-- What the exercise asks --
Only one span is wanted from the lines below: from the one with "OpportuntiytaWork_logo" up to and including the one with "Skip ved dokk". Copy it exactly, without images.

═══ Records shown

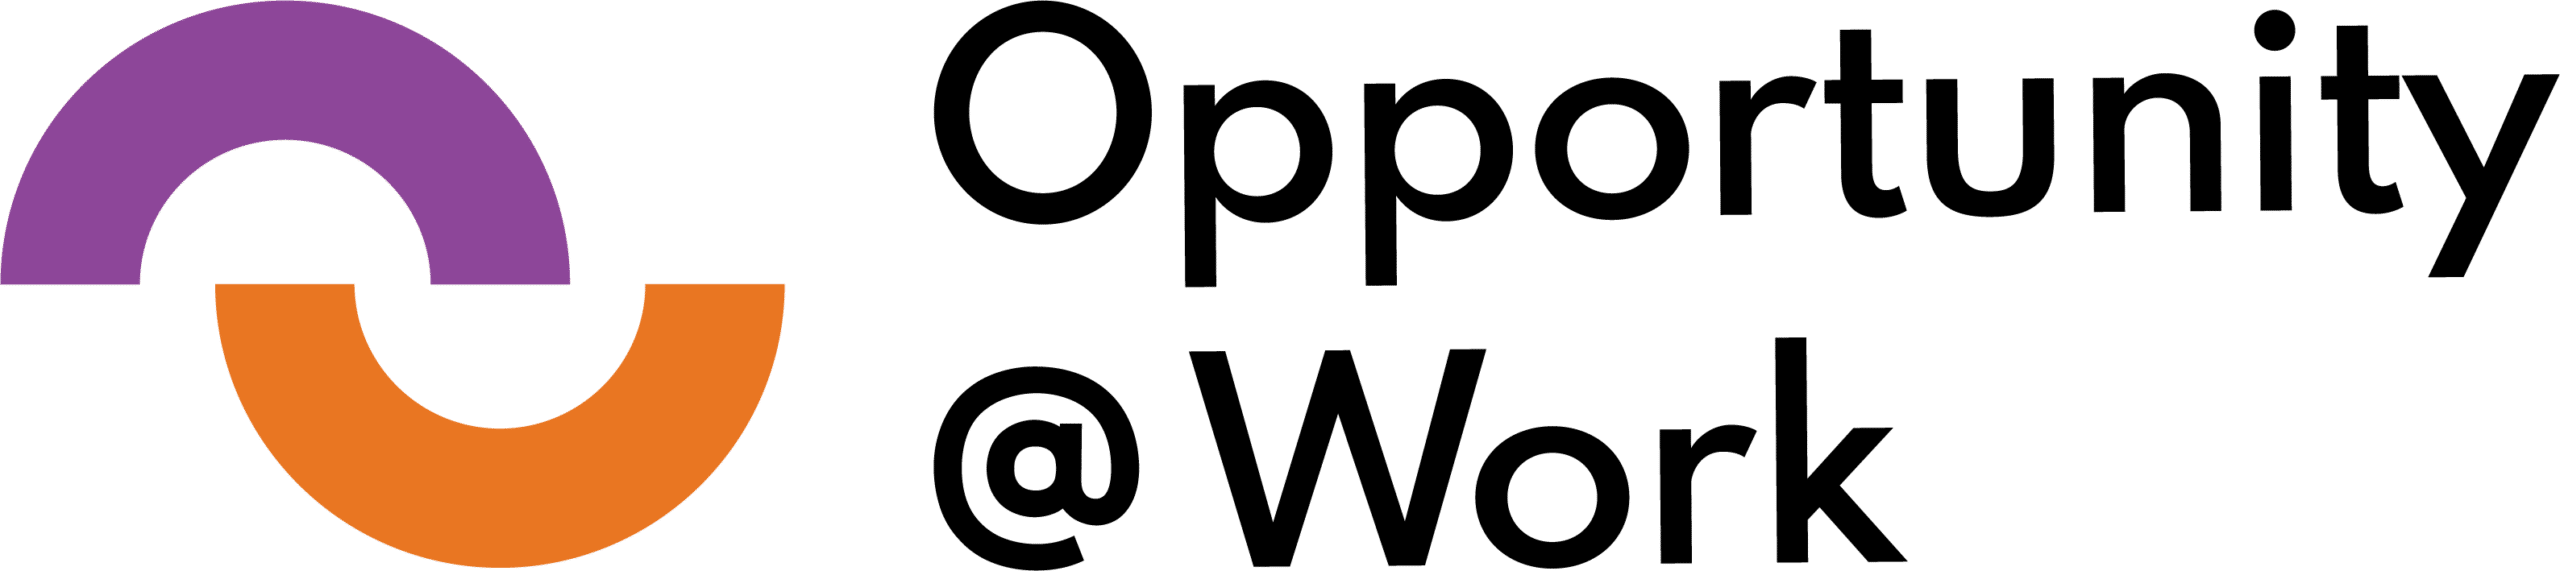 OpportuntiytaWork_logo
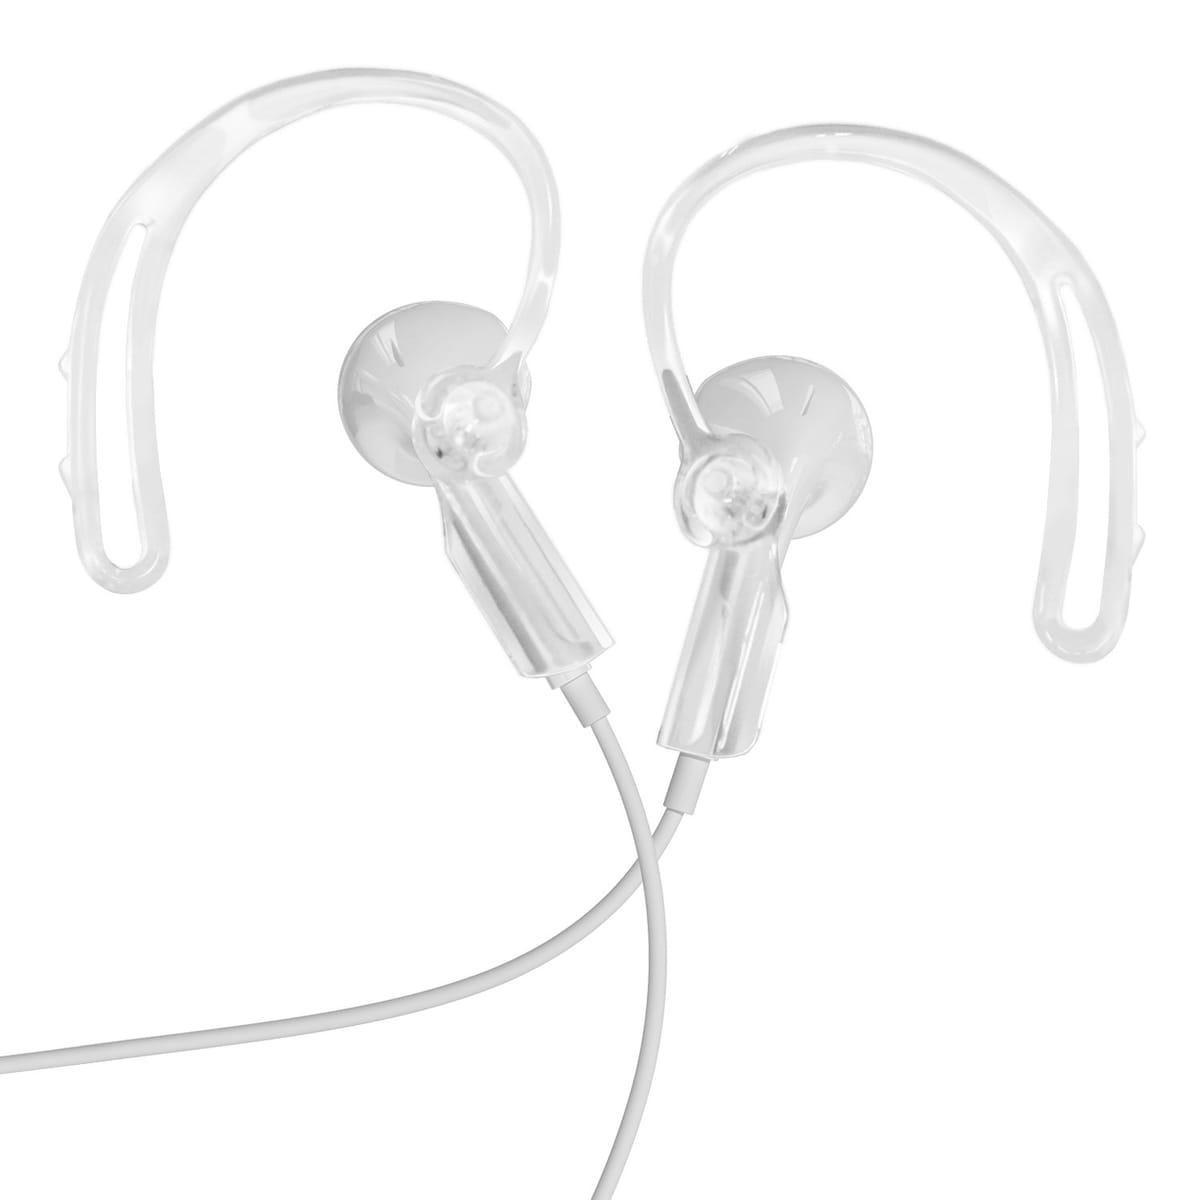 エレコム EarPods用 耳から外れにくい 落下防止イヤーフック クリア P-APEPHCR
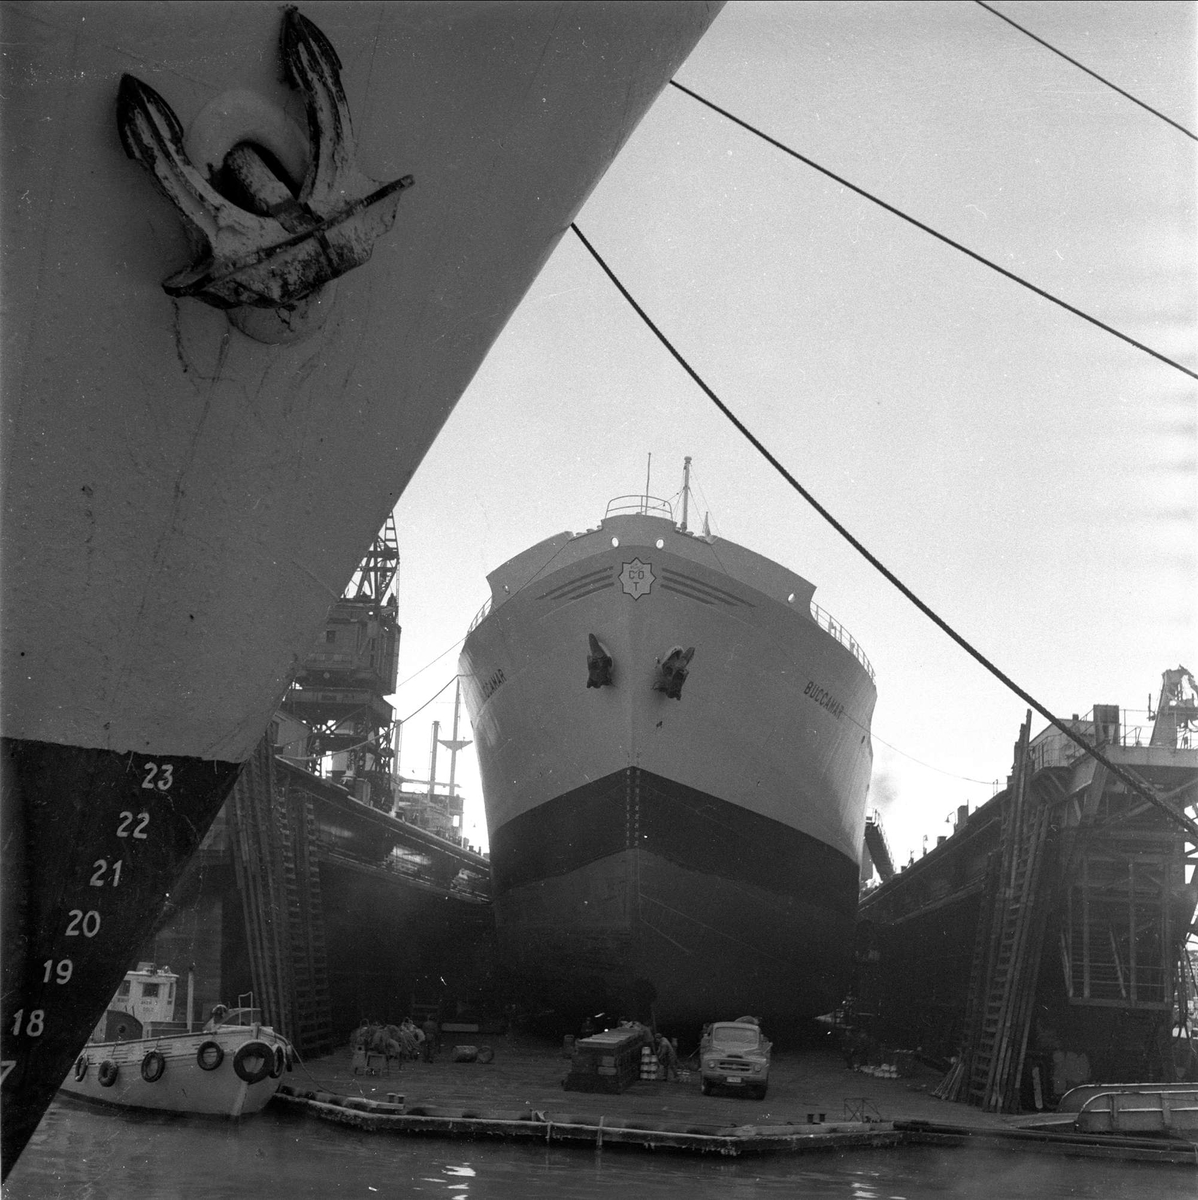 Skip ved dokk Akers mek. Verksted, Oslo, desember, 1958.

══════
═══ Records shown

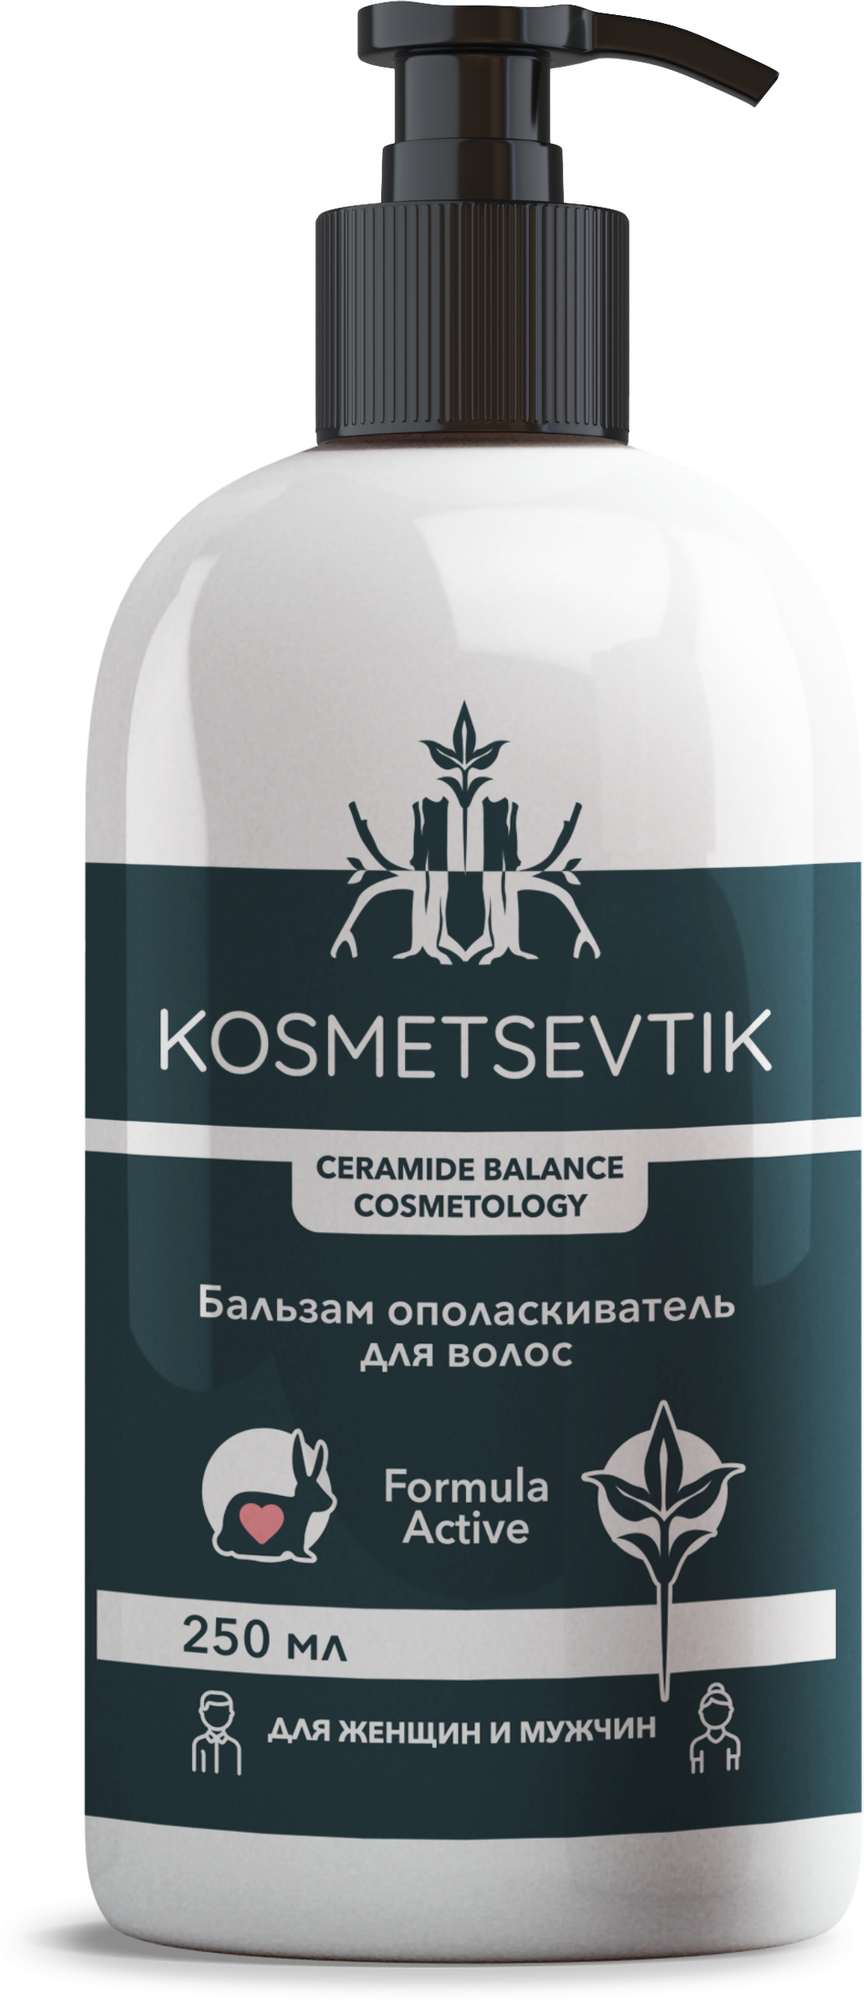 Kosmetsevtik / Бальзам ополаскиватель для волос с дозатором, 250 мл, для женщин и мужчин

══════

-- Written solution --
 OpportuntiytaWork_logo
 エレコム EarPods用 耳から外れにくい 落下防止イヤーフック クリア P-APEPHCR
 Skip ved dokk Akers mek. Verksted, Oslo, desember, 1958.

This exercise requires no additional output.